For example, when the conductive member 121A according to the present exemplary embodiment is used as a charging member, electrical discharge with reduced current, in which uneven discharge is suppressed, may be obtained. In addition, when an image forming device (or a process cartridge) having this charging member is used, an image, in which the occurrence of white deletion caused by uneven charge is suppressed, may be obtained.
Alternatively, when the conductive member 121A according to the present exemplary embodiment is used as a transfer member, transferring with reduced current, in which uneven transferring is suppressed, may be obtained. In addition, when an image forming device (or a process cartridge) having this transfer member is used, an image, in which image defects caused by the uneven transferring is suppressed, may be obtained.
Charging Device
Hereinafter, the charging device according to the present exemplary embodiment is described.
As shown in
The cleaning member 122 is a cleaning member for cleaning the surface of the charging member 121. The cleaning member 122 may be a roll shape member. For example, the cleaning member 122 includes the shaft 122A and an elastic layer 122B formed on the outer peripheral surface of the shaft 122A.
The shaft 122A is a conductive rod-like member. Examples of the materials thereof include iron (free cutting steel or the like), copper, brass, stainless steel, aluminum and nickel. Specific examples of the shaft 122A include a member (for example, resin members or ceramic members) whose outer peripheral surface has been plated; and a member (for example, a resin member or a ceramic member) in which a conductive agent has been dispersed. The shaft 122A may be a hollow member (tubular member) or a non-hollow member.
It is preferable that the elastic layer 122B has elasticity and is a foam material having a three-dimensional porous structure, which has cavities or a concave and convex portion (hereinafter referred to as a “cell”) inside or on the surface thereof. The elastic layer 122B may include a foamed resin material or rubber material such as polyurethane, polyethylene, polyamide, olefin, melamine or polypropylene, NBR (acrylonitrile-butadiene copolymer rubber), EPDM (ethylene-propylene-diene copolymer rubber), natural rubber, styrene-butadiene rubber, chloroprene, silicone or nitrile.
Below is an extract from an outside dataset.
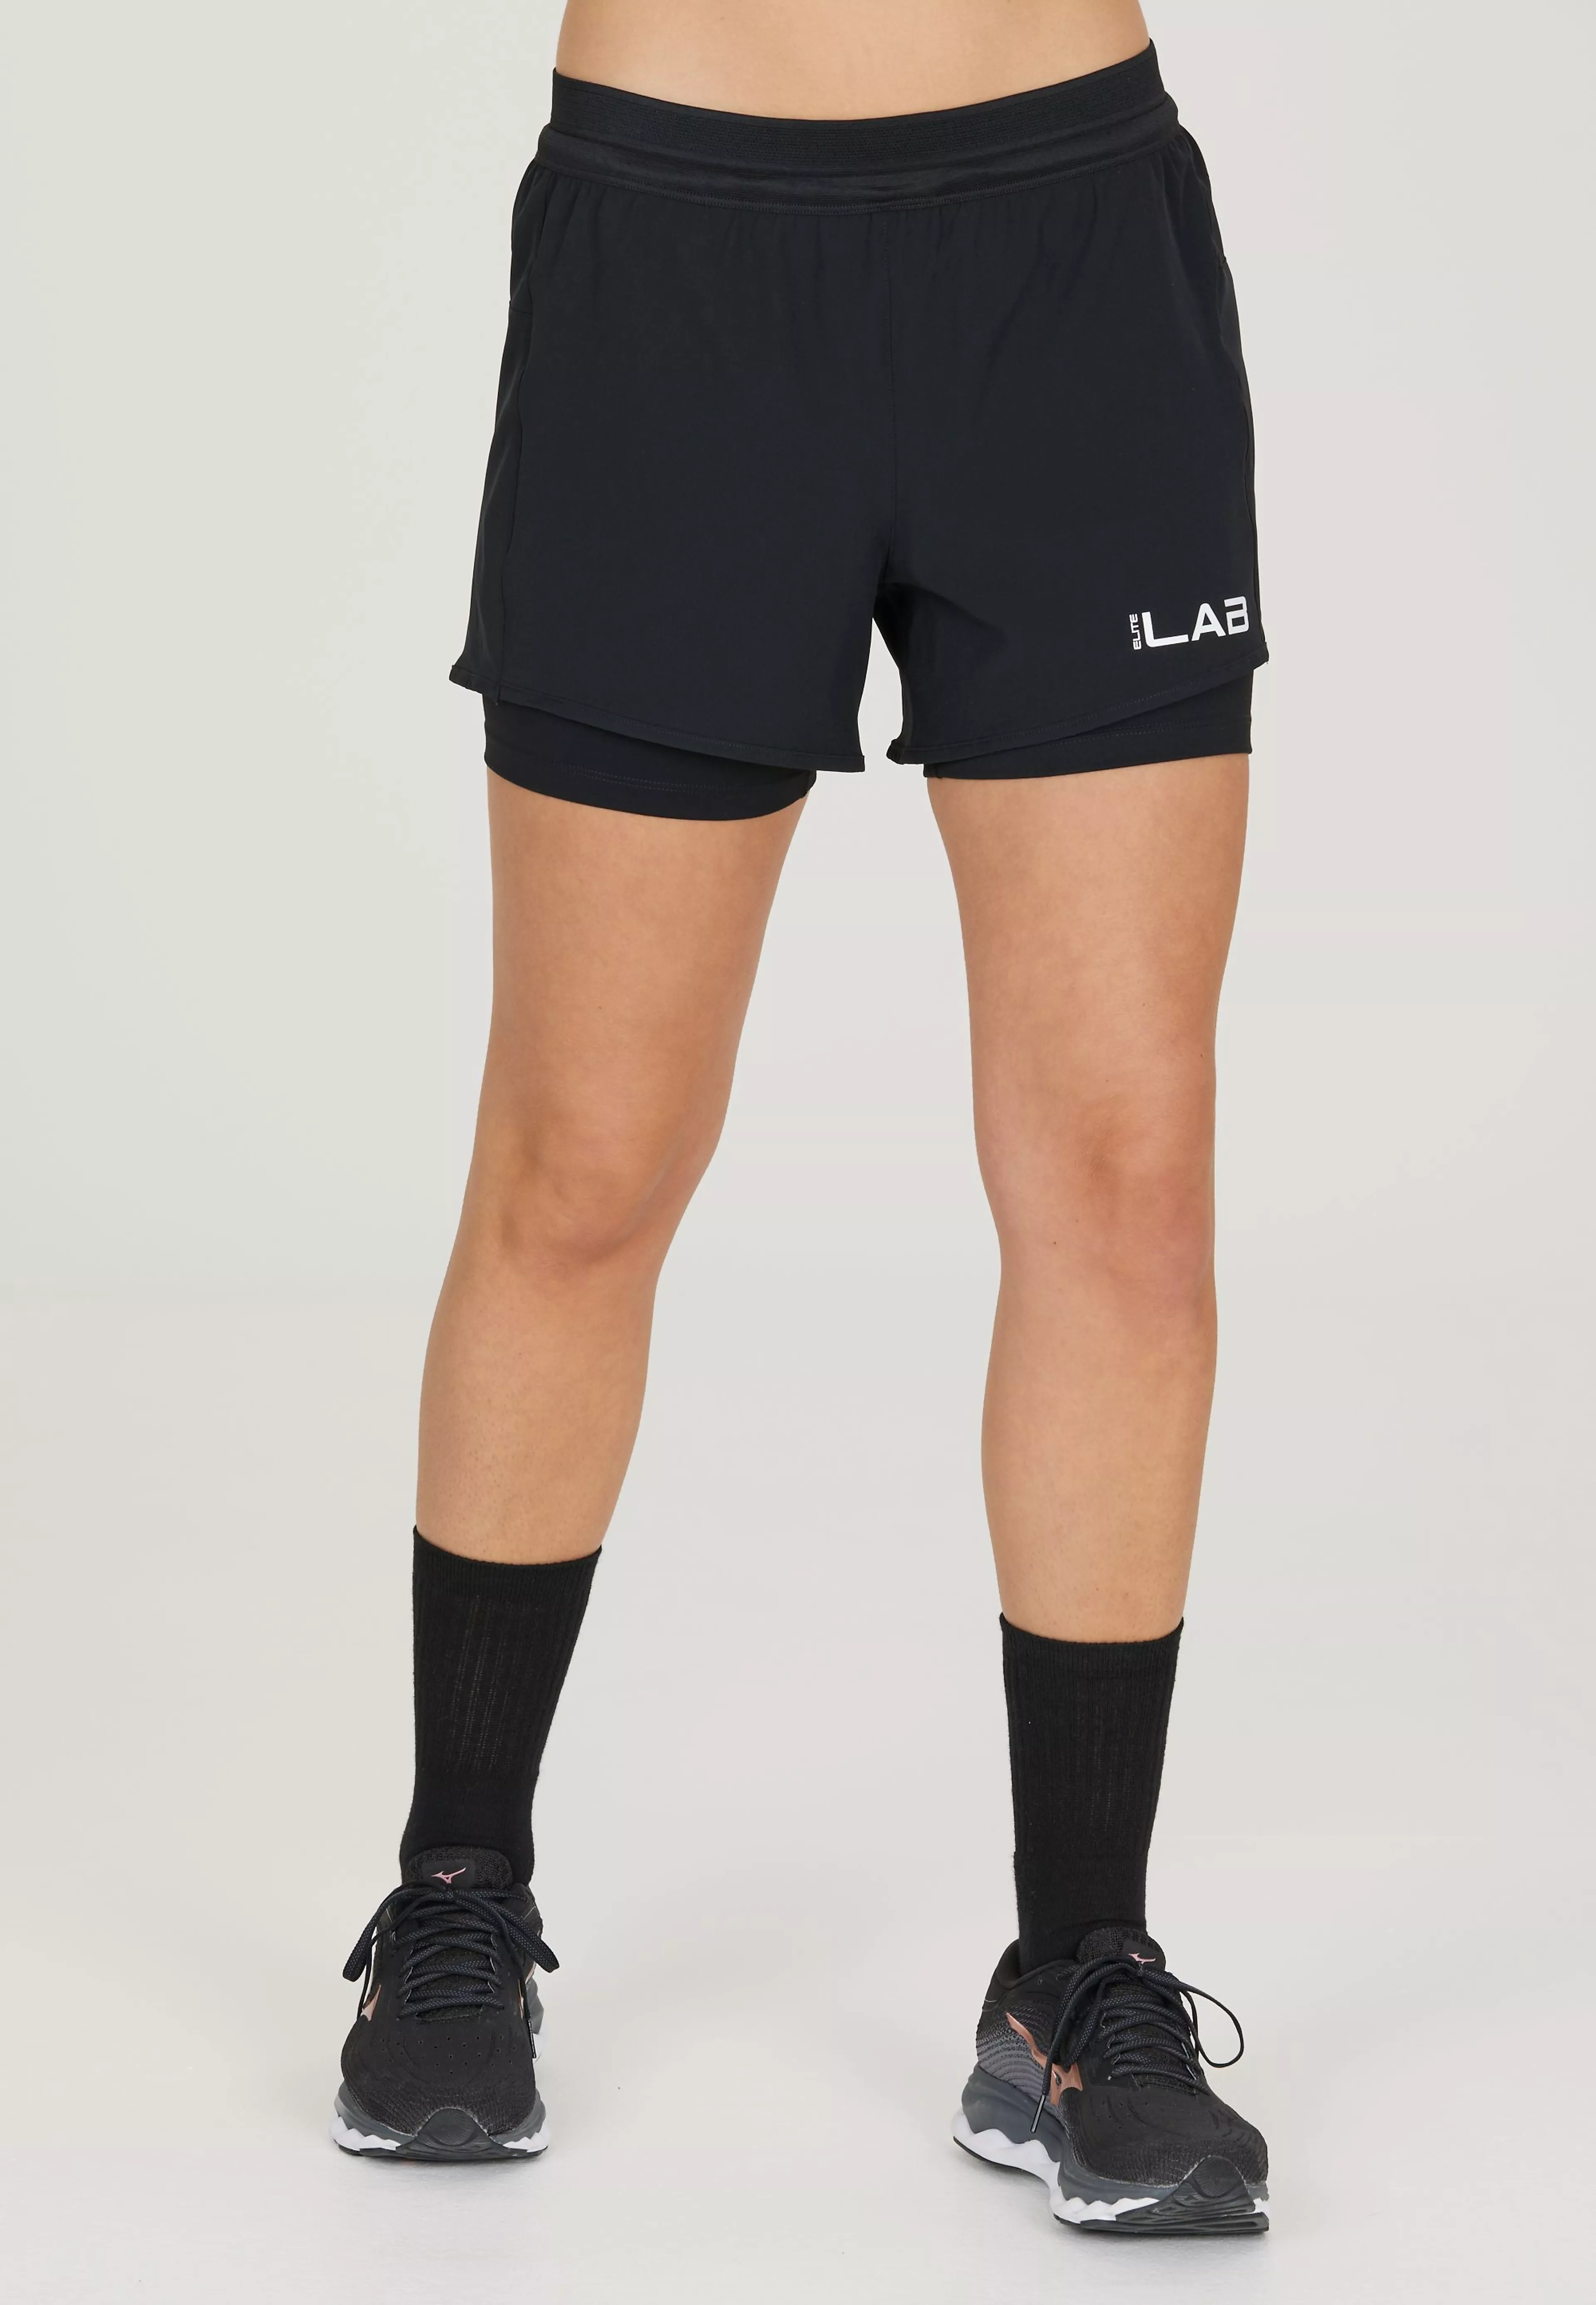 Elite Lab Core Lightweight 2-in-1 Shorts

Among these foamed resin materials or rubber materials, polyurethane that has resistance to tearing or extension is particularly preferable, in order to frictionally slide on the charging member 121 and efficiently remove a foreign substance (such as toner or an external additive), in order to prevent the surface of the charging member 121 from being scratched due to rubbing of the cleaning member 122 and in order to prevent the occurrence of tearing or breakage over the long-term.
Examples of the polyurethane include, but not limited to, a material formed by a reaction of a polyol (for example, polyester polyol, polyether polyester or acrylic polyol) with an isocyanate (2,4-tolylenediisocyanate, 2,6-tolylenediisocyanate, 4,4-diphenyl methane diisocyanate, tolidine diisocyanate or 1,6-hexamethylene diisocyanate), and materials formed by a reaction of these reactants with a chain extension agent (for example, 1,4-butanediol or trimethylolpropane). In general, polyurethane is foamed using a foaming agent (for example, water or an azo compound such as azodicarbonamide or azobisisobutyronitrile).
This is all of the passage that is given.